Selon Bates et al.,(1975) il y a deux types de pointage proto-impératif et proto-déclaratif. Le pointage proto-impératif est utilisé afin d’obtenir quelque chose de la part d’un adulte, le pointage proto-déclaratif désigne un objet afin de partager l’attention sur cet objet. Il peut y avoir une différence de gestes (index –pour montrer un objet) ou doigt pointé avec le bras allongé dans le cas du pointage proto-déclaratif, ainsi que le suivi ou non du regard.

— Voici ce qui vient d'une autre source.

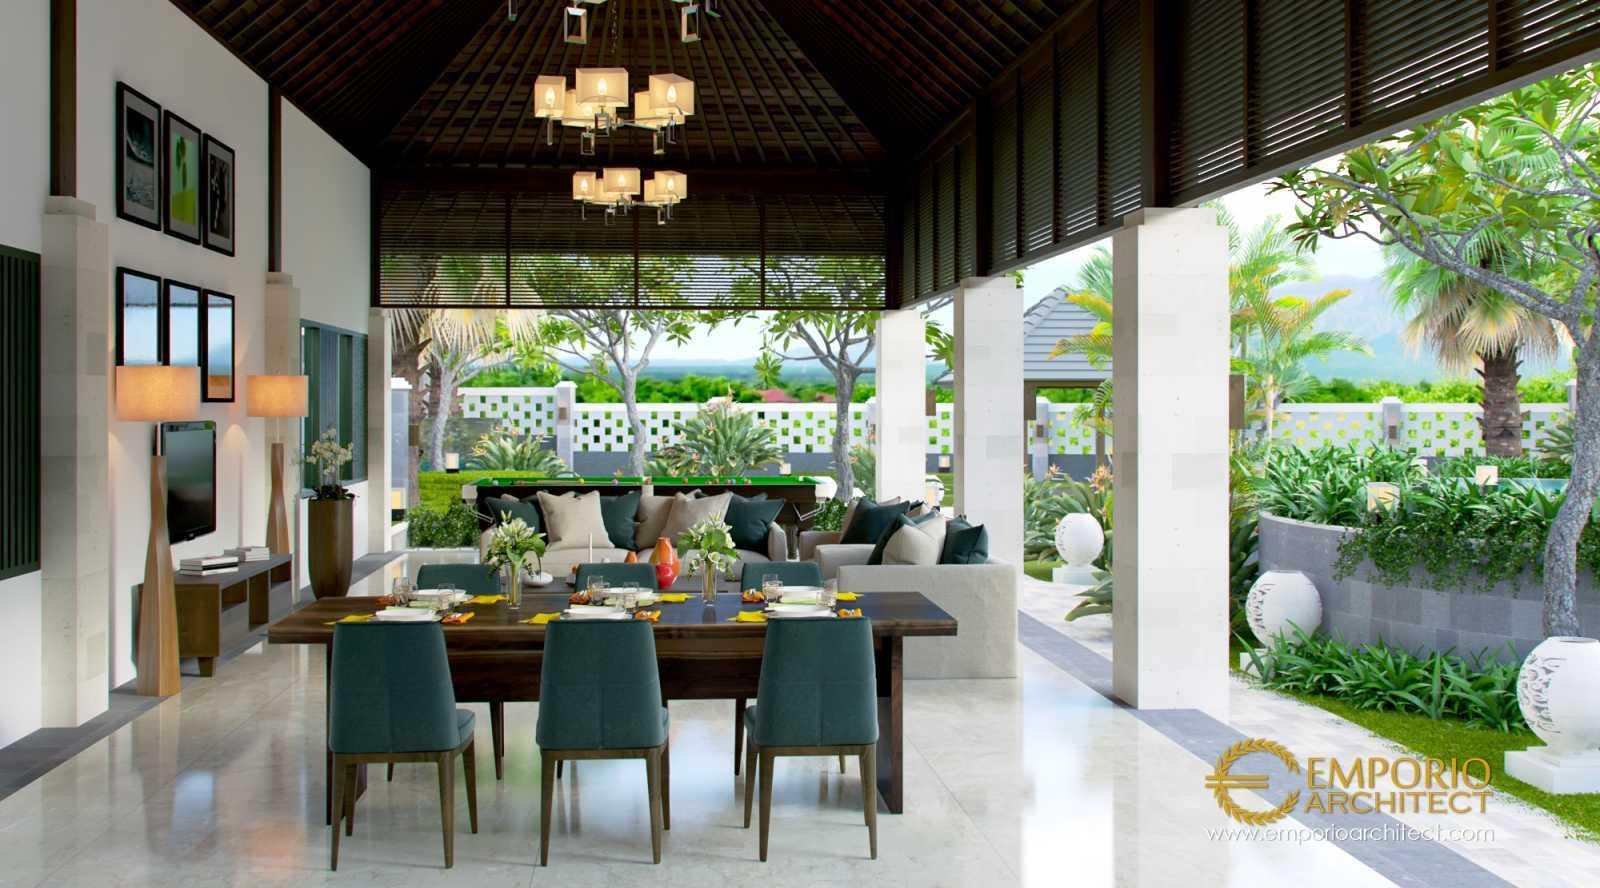 Emporio Architect Desain Bungalow Villa Bali Tropis 444 @ Karangasem, Bali Kabupaten Karangasem, Bali, Indonesia Kabupaten Karangasem, Bali, Indonesia Emporio-Architect-Desain-Bungalow-Villa-Bali-Tropis-444-Karangasem-Bali   77769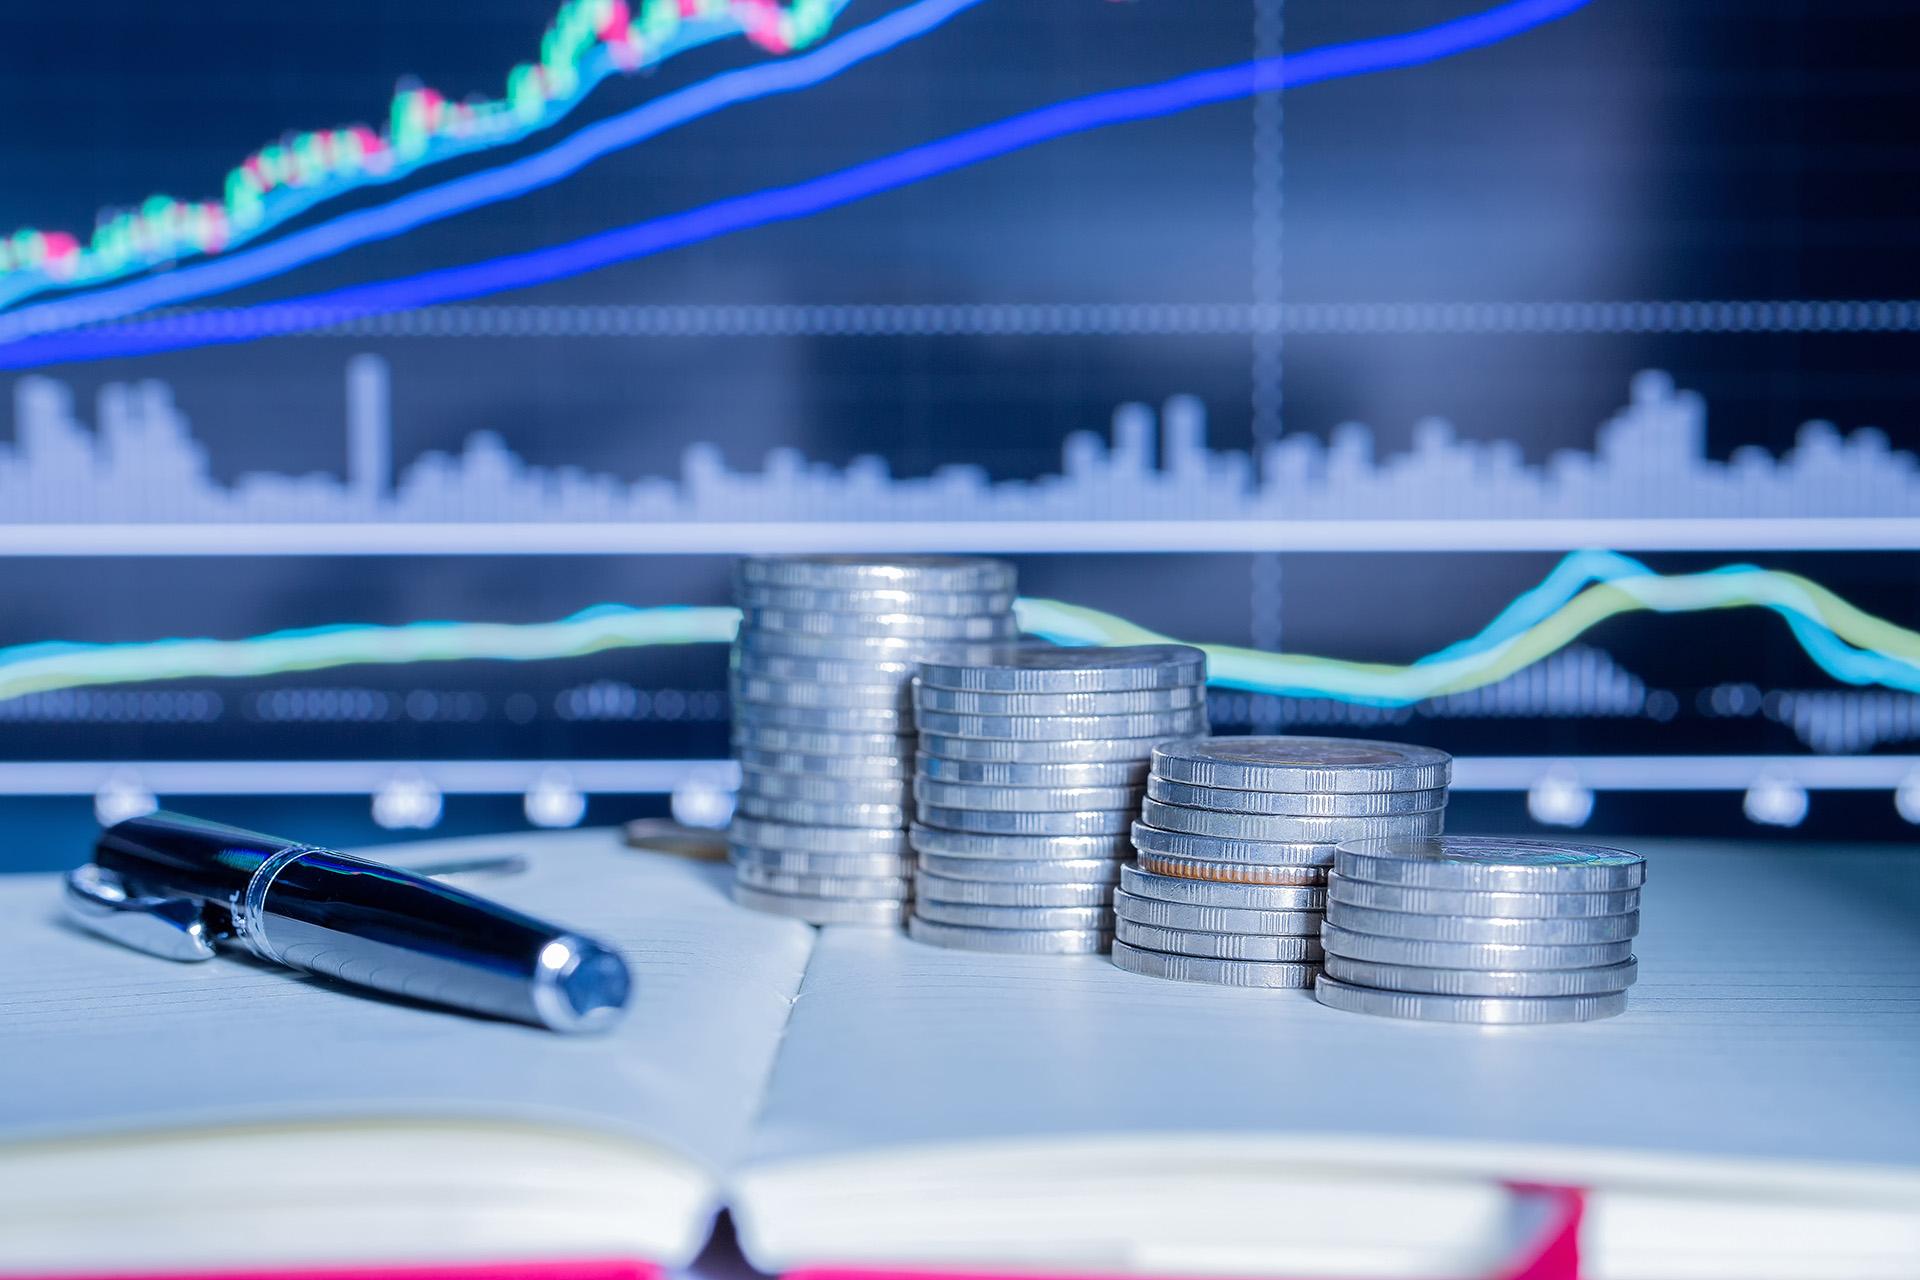 Курсы доллара и евро с сайта Центробанка на PHP

L’étude de Mathiot et al., (2009 :165) a montré que la valeur du pointage est donné par l’ensemble de plusieurs éléments:

ainsi la voix sert d’attirer l’attention pour donner plus tard un contenu référentiel et informationnel, les gestes localisent l’objet d’attention pour l’autre et le regard vérifie l’attention porté à l’objet.

Mais ce qui est le plus important dans le geste de pointage est qu’il suppose l’attention partagée soit pour demander soit pour partager l’intérêt pour un objet (Brigaudiot & Danon-Boileau, 2002). C’est pour cela que le pointage fait défaut chez les enfants atteints d’autisme, puisqu’il suppose l’attention conjointe et donc le partage du regard (Baron-Cohen, 1989, 1992). Je reviendrai par la suite sur ces aspects, dans la partie sur la référence à soi chez les enfants atteints d’autisme.